Louis Vuitton is raising its focus somewhat from the really affluent to the really, really affluent. The Paris-based conglomerate of fabulous and fussy things is launching a new line of very high-end leather handbags and accessories to complement its existing products, according to Women’s Wear Daily.
The strategy raises the question: just how much more opulent can LVMH get? The company already sells $88,000 watches, $4,000 handbags, and $1,000 scarves. But if you are asking that question, the new LVMH line isn’t for you. There’s really no ceiling in the high-end retail game (consider astrakhan, a fleece harvested from fetal lambs).
LVHM has grown a little less rich of late. In the 12 months ended June, the company’s revenue increased almost 10 percent—no small feat considering the crummy European economy in that period. At the same time, though, its profit declined nearly 4 percent.
No one would accuse the company of slumming, per se. It’s just that most of its recent growth has come in lower margin areas, such as perfume and what the company calls “selective retail,” which comprises airport concessions and makeup counters. For every $100 of sales in those areas, LVMH books only about $10 of profit. Margins on its alcohol and leather goods are around 30 percent. Thus the push for swankier and softer bags.

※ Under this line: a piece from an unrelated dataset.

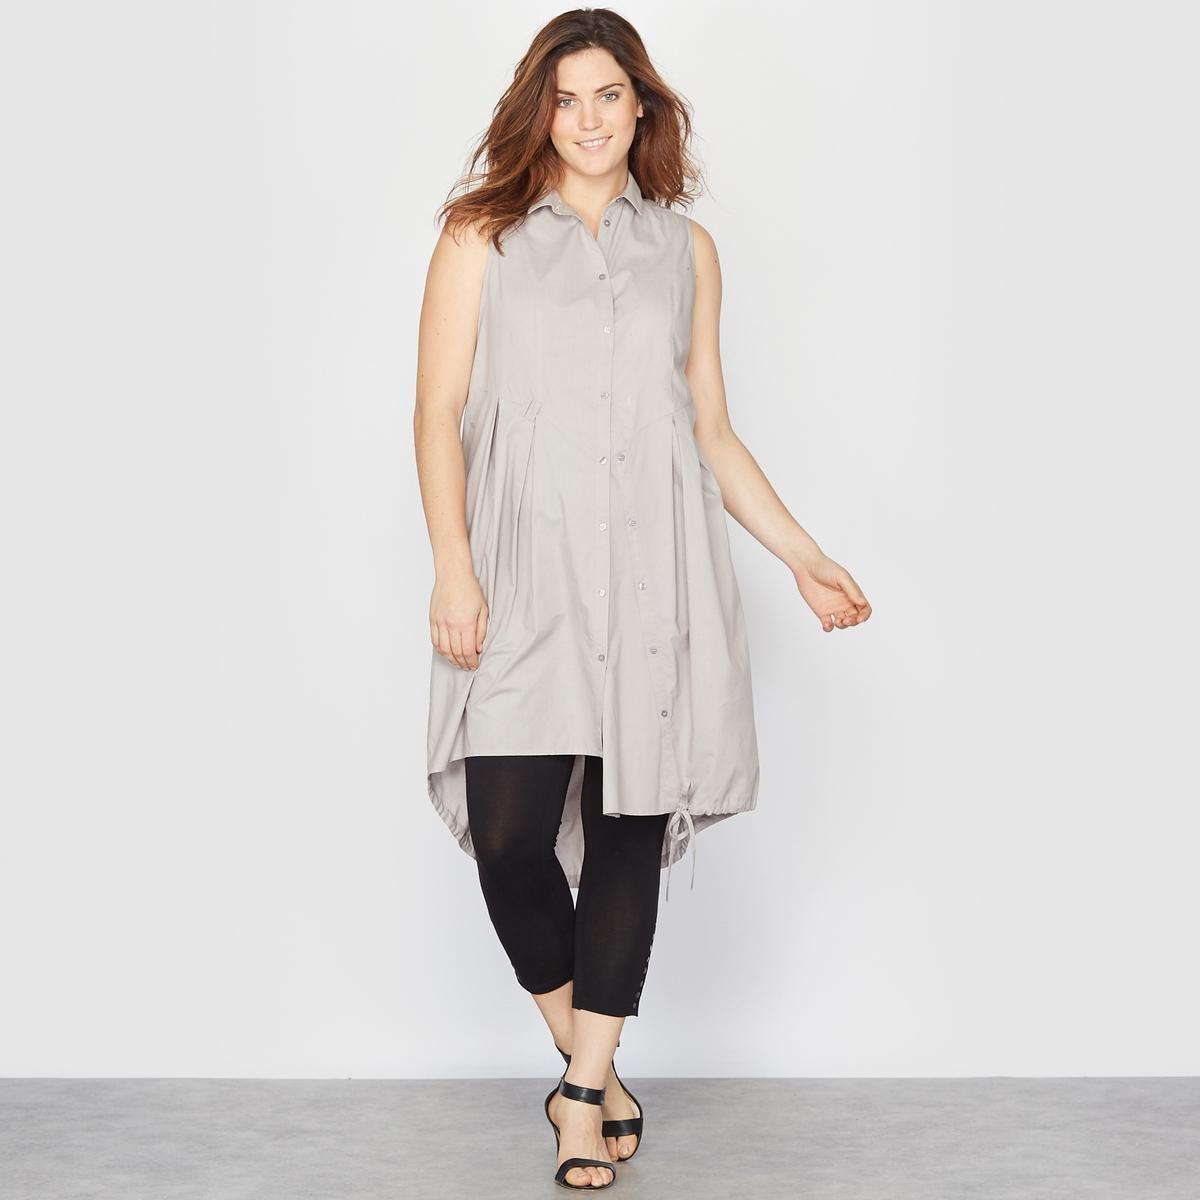 РубашкаРубашка без рукавов. Длинная рубашка идеально подойдёт к леггинсам! Асимметричная застёжка на пуговицы спереди. 100% хлопка. Длина 100 см.<br><br>Цвет: серый<br>Размер: 46 (FR) - 52 (RUS)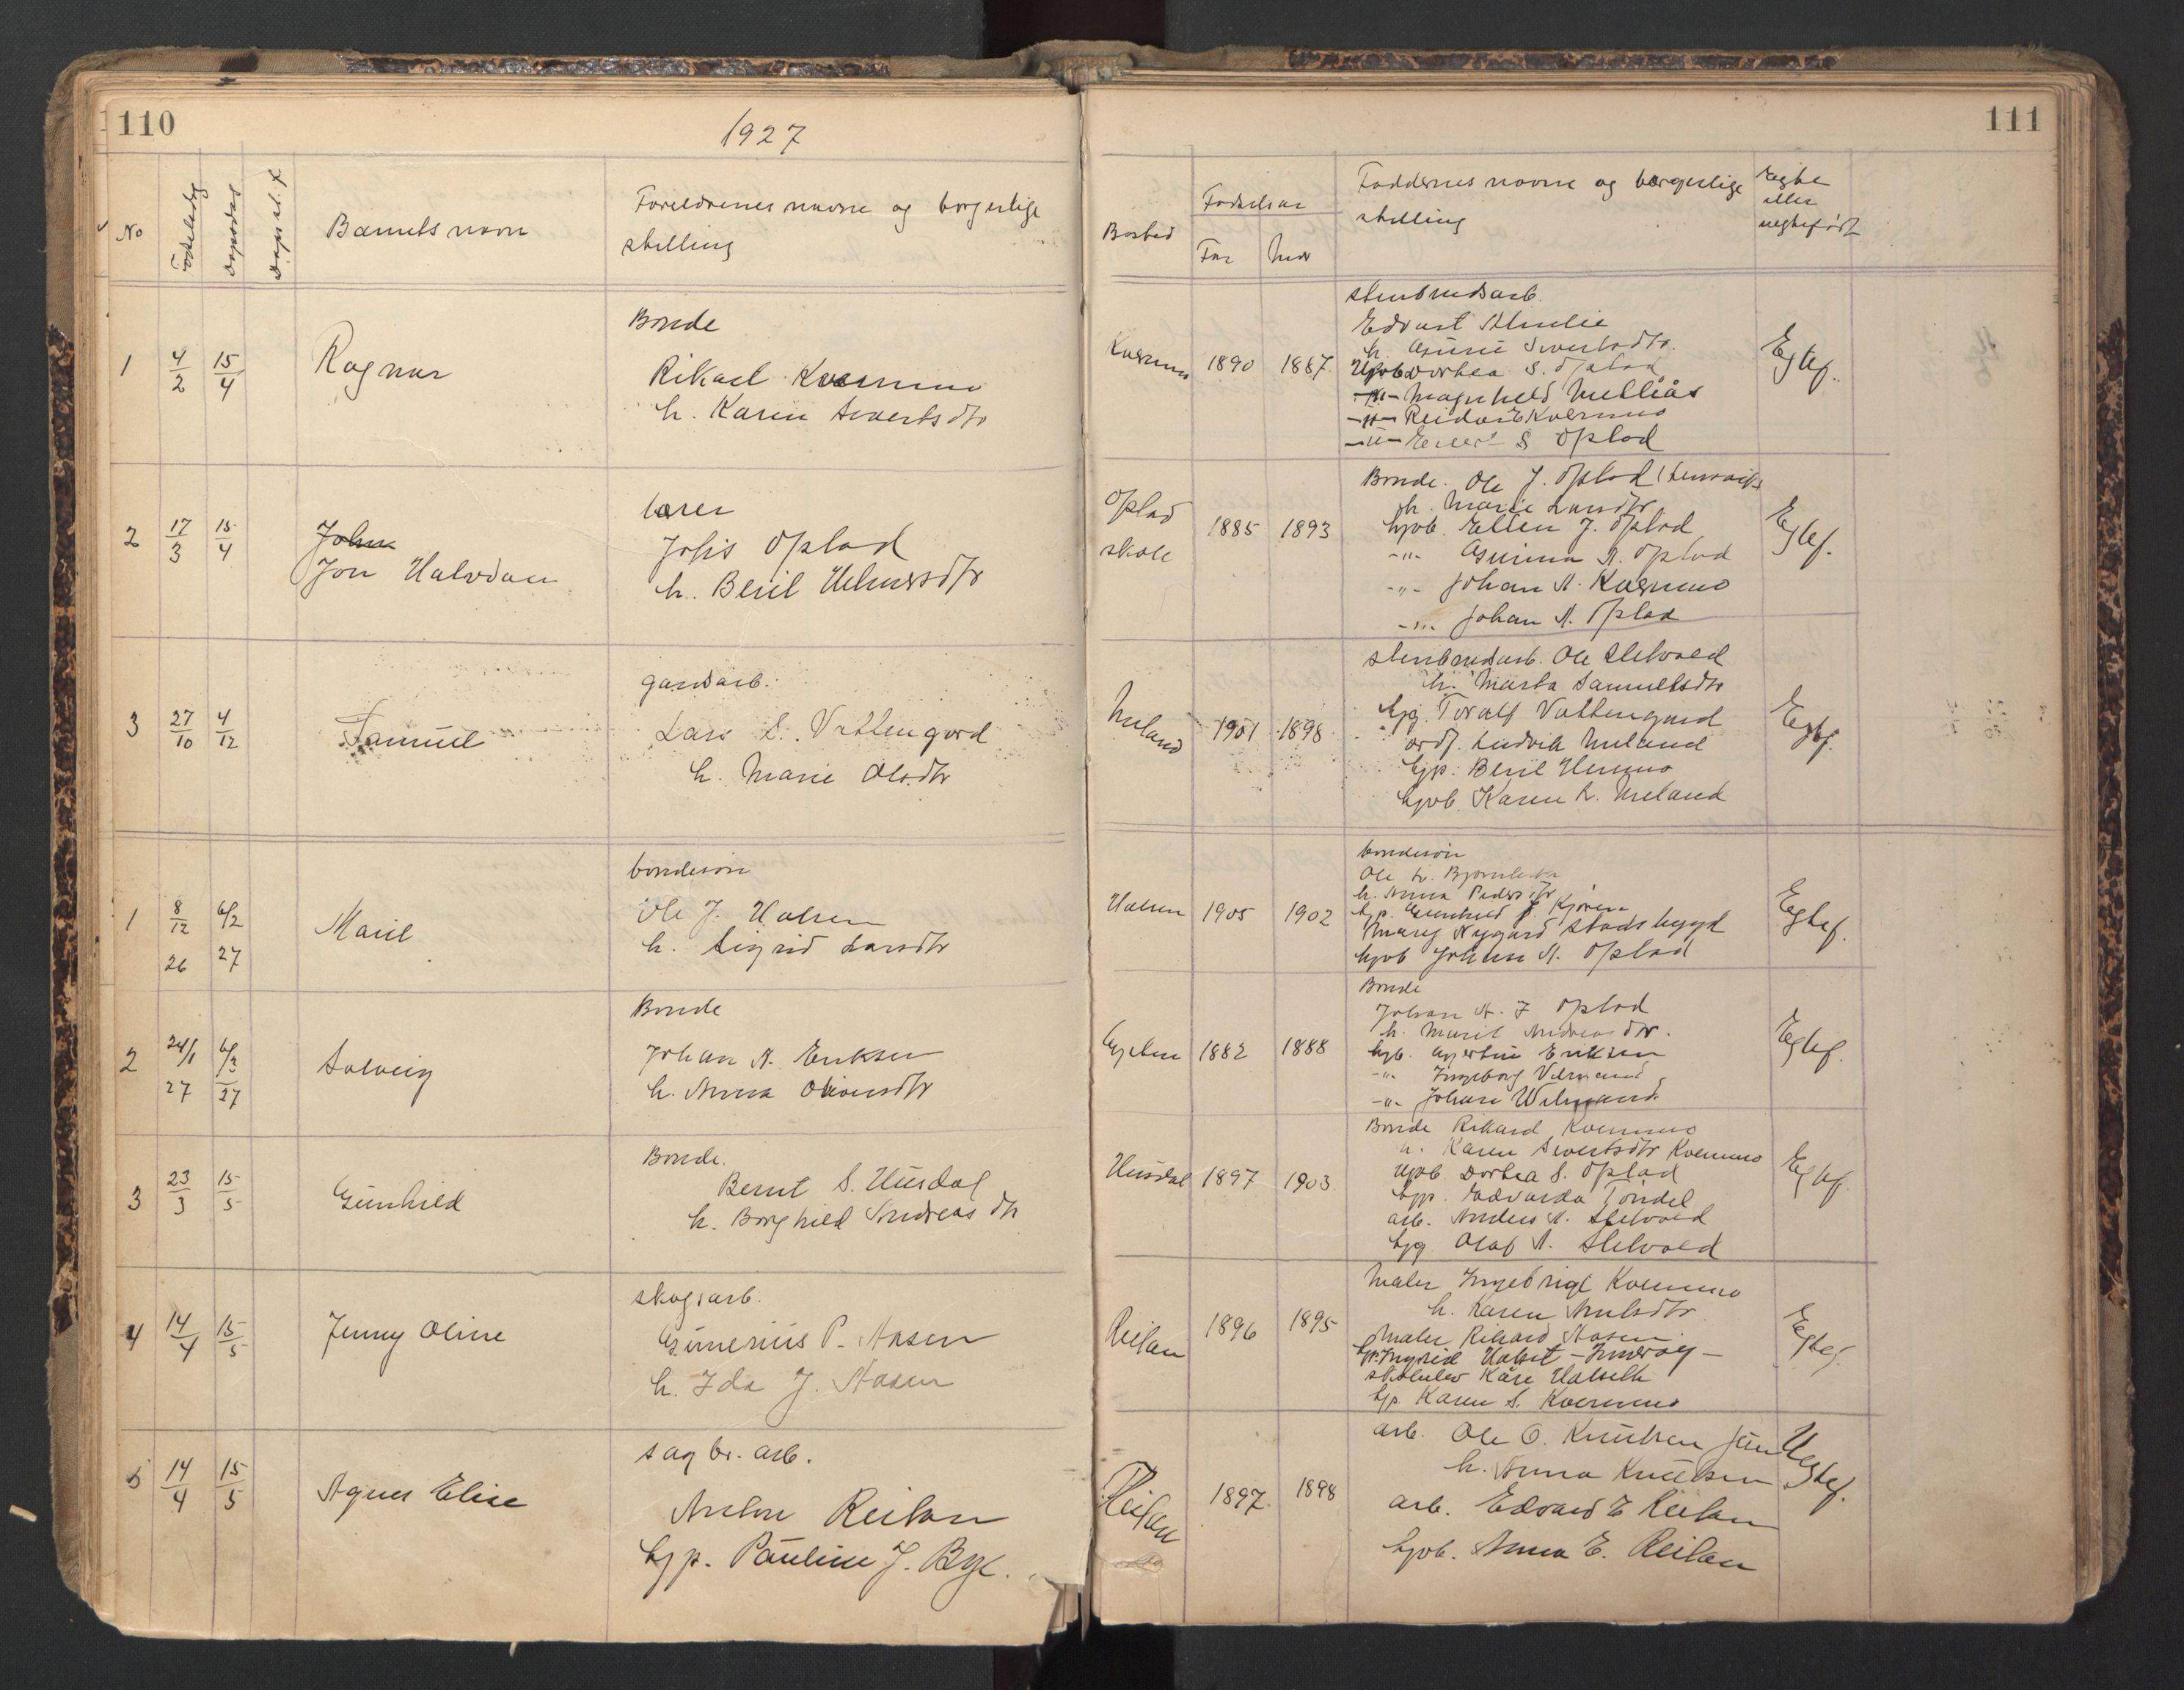 SAT, Ministerialprotokoller, klokkerbøker og fødselsregistre - Sør-Trøndelag, 670/L0837: Klokkerbok nr. 670C01, 1905-1946, s. 110-111

To produce the new ultra-luxury line, LVMH brought back designer Darren Spaziani, who had most recently been building accessories at Proenza Schouler. When he was at LVMH from 2004 to 2006, Spaziani worked under Marc Jacobs.
LVMH also made sure he’ll have plenty of lush materials to work with. In July, the company spent $2.6 billion to buy an 80 percent stake in Loro Piana, an Italian textile producer that specializes in ultra-rare ingredients, such as fibers made from Myanmar lotuses and wool shorn from the vicuna, a llama-like creature that lives high in the Peruvian Andes.
In a conference call, LVMH communications director Christopher Hollis called Loro Piana “one of the most elitist brands in the world.”